Wang, J; Skeens, E; Arantes, P; Maschietto, F; Allen, B; Kyro, GW; Lisi, GP; Palermo, G; Batista, VS. Biochemistry. 2022, 61 (9), 785-794.


Full paper: 10.1021/acs.biochem.2c00127


Abstract: Many bacteria possess type-II immunity against invading phages or plasmids known as the clustered regularly interspaced short palindromic repeat (CRISPR)/CRISPR-associated 9 (Cas9) system to detect and degrade the foreign DNA sequences. The Cas9 protein has two endonucleases responsible for double-strand breaks (the HNH domain for cleaving the target strand of DNA duplexes and RuvC domain for the nontarget strand, respectively) and a single-guide RNA-binding domain where the RNA and target DNA strands are base-paired. Three engineered single Lys-to-Ala HNH mutants (K810A, K848A, and K855A) exhibit an enhanced substrate specificity for cleavage of the target DNA strand. We report in this study that in the wild-type (wt) enzyme, D835, Y836, and D837 within the Y836-containing loop (comprising E827-D837) adjacent to the catalytic site have uncharacterizable broadened 1H15N nuclear magnetic resonance (NMR) features, whereas remaining residues in the loop have different extents of broadened NMR spectra. We find that this loop in the wt enzyme exhibits three distinct conformations over the duration of the molecular dynamics simulations, whereas the three Lys-to-Ala mutants retain only one conformation. The versatility of multiple alternate conformations of this loop in the wt enzyme could help to recruit noncognate DNA substrates into the HNH active site for cleavage, thereby reducing its substrate specificity relative to the three mutants. Our study provides further experimental and computational evidence that Lys-to-Ala substitutions reduce dynamics of proteins and thus increase their stability.

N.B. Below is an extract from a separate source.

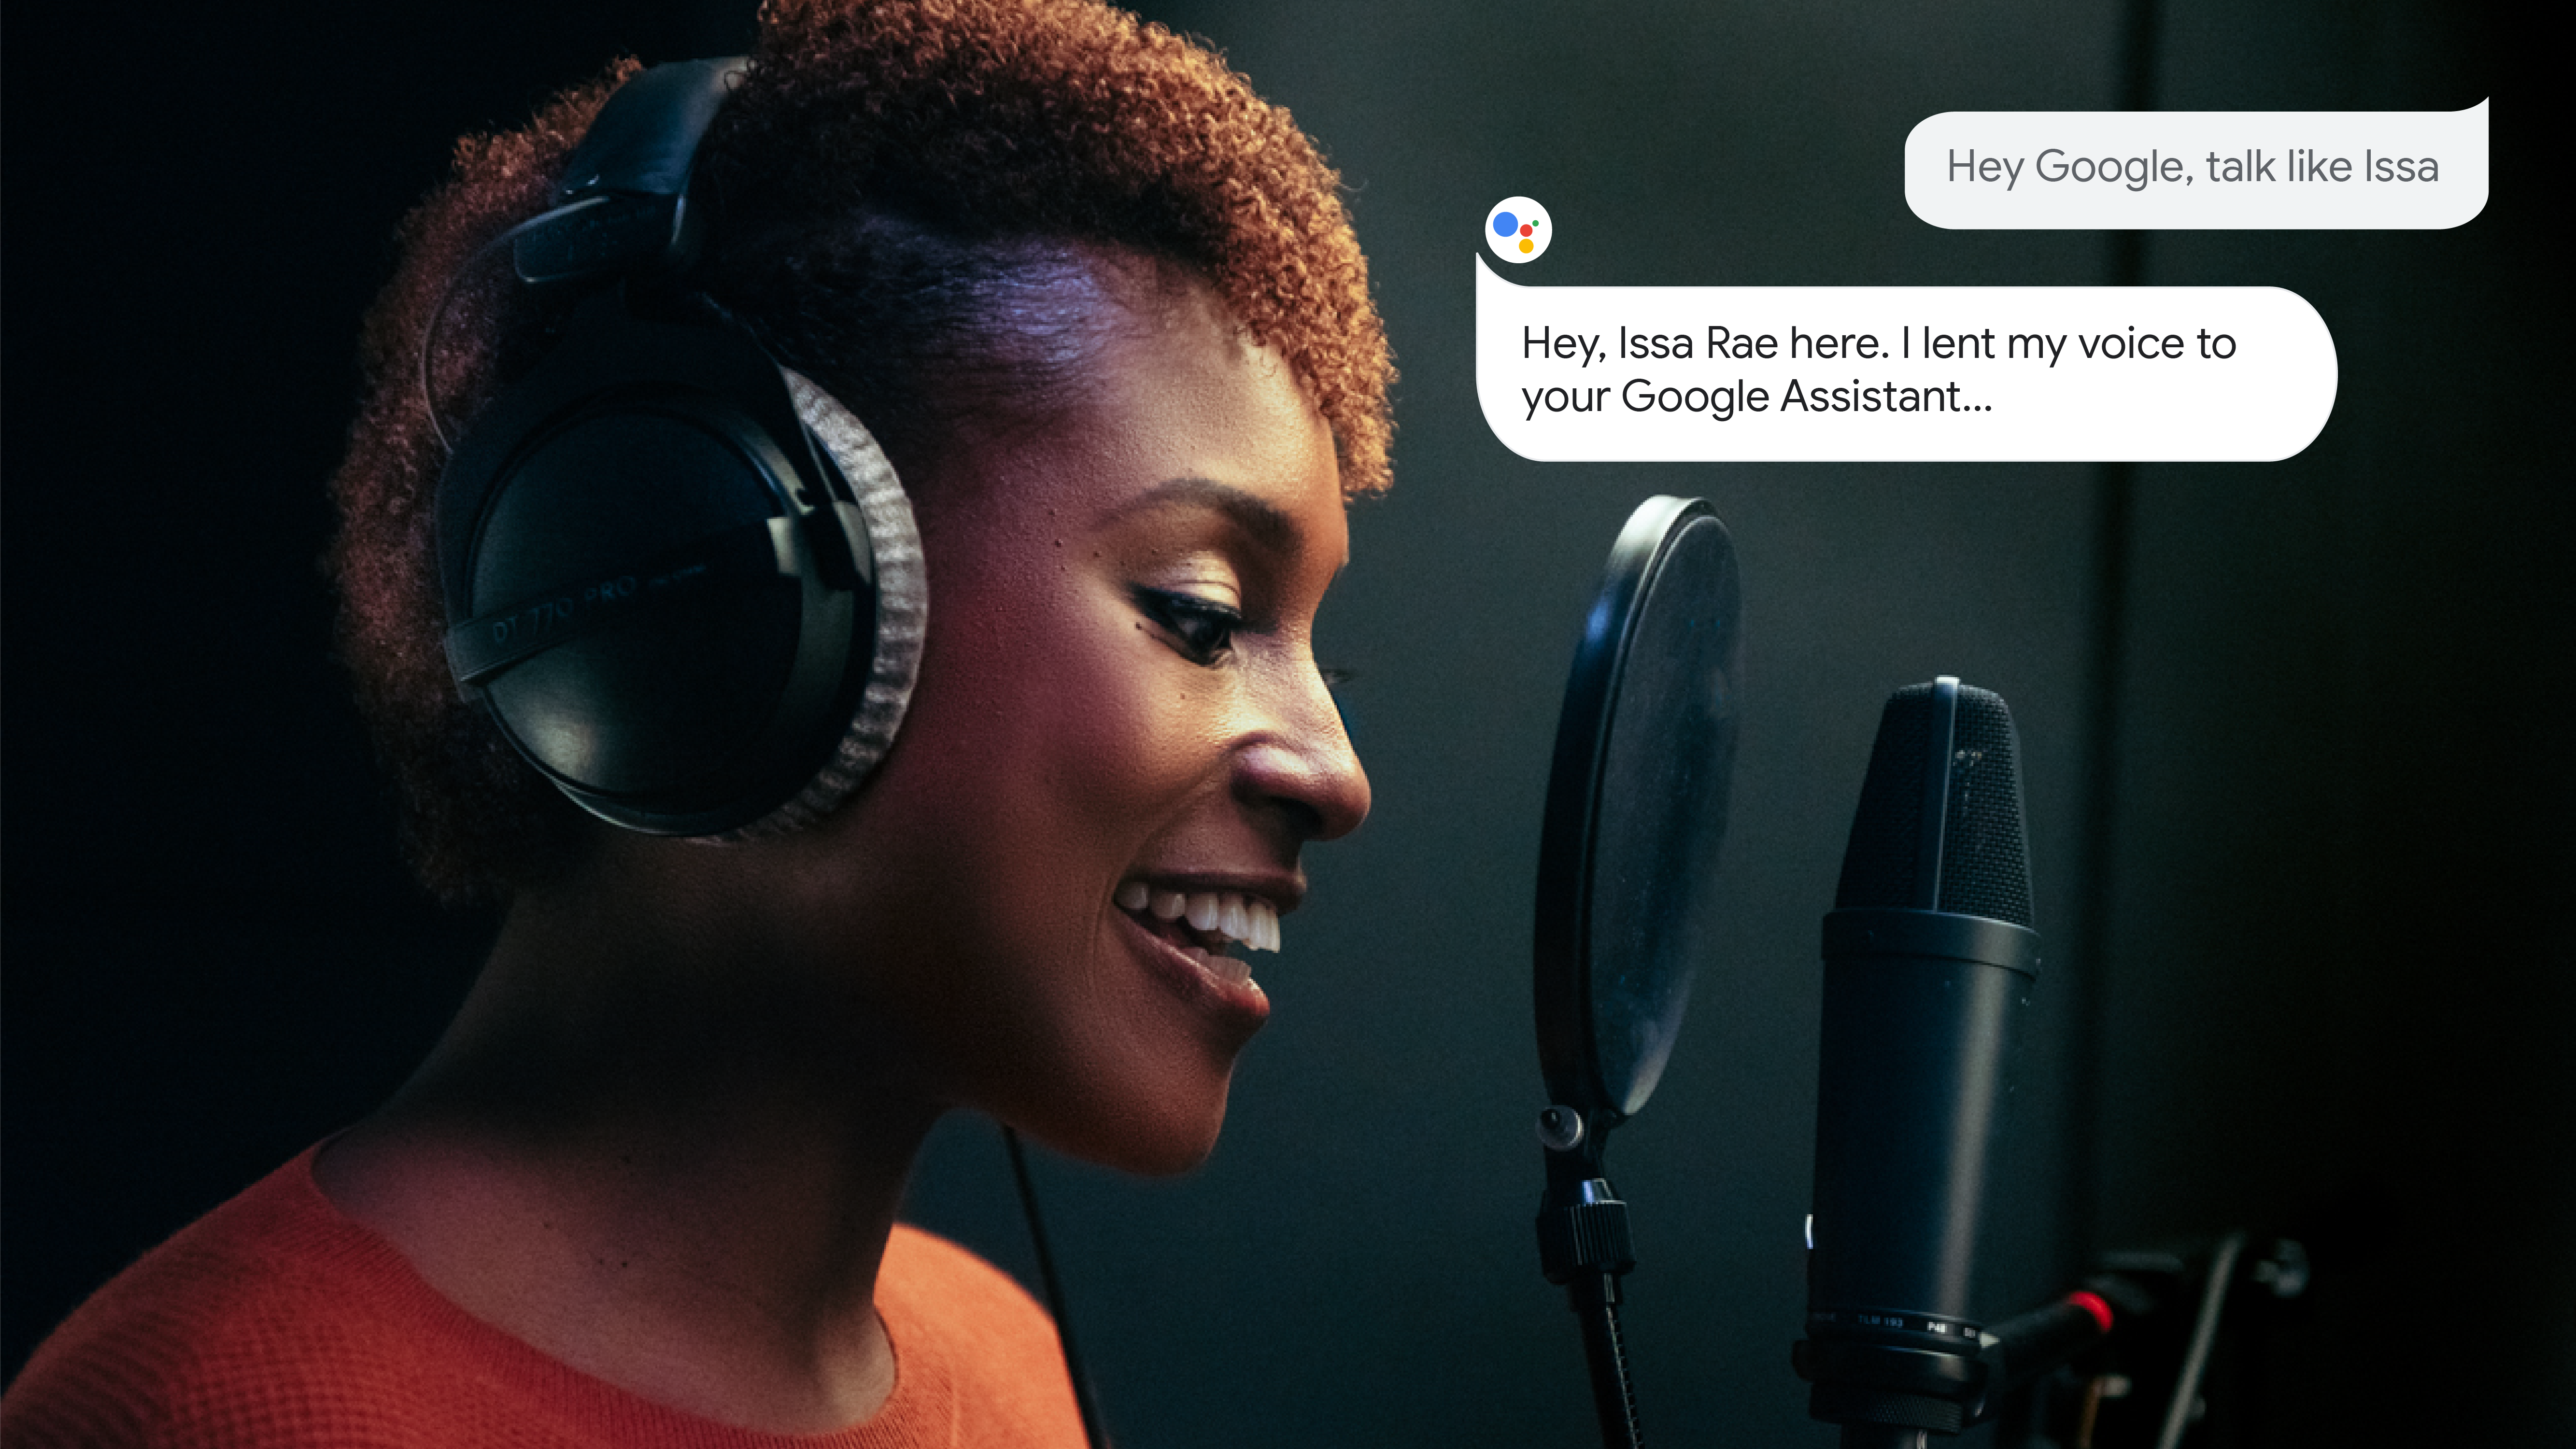 Issa Rae’s Partnership With Google Assistant Makes ‘Mirror Talks’ A Reality

“Photophysics of Rhenium(I) Polypyridyl-Based Complexes and Their Employment as Highly Sensitive Anion Sensors”


Kyro, GW; Lees, AJ. 2021.


Full paper: 10.13140/RG.2.2.29980.56962


Abstract: Anion sensing has been gaining a tremendous amount of attention over the last 25 years because of the important roles that anions play in both biological and chemical systems. Anion sensors present great potential for application in a wide array of fields, offering new methods for bioanalytical applications in living organisms, as well as the ability to extract chemical pollutants from the environment. Rhenium(I) complexes containing amide subunits have been reported in the literature to interact very strongly with anions through charge-assisted amide hydrogen bonding, displaying binding affinities for anions as high as Ka ~ 10^6 M^-1 in CH2Cl2 solution. To better understand the electronic properties of these fascinating systems, a series of rhenium(I) polypyridyl-based complexes with a unique recognition site have been synthesized and tested with anions. The sensors display binding affinities for anions as high as Ka ~ 10^6 M^-1 in CH2Cl2 solution, with the strongest interactions observed for fluoride, cyanide, and iodide. The complexes recognize anions between the amide protons and the central pyridine but exhibit a unique binding mode with iodide ions not previously recognized for these systems.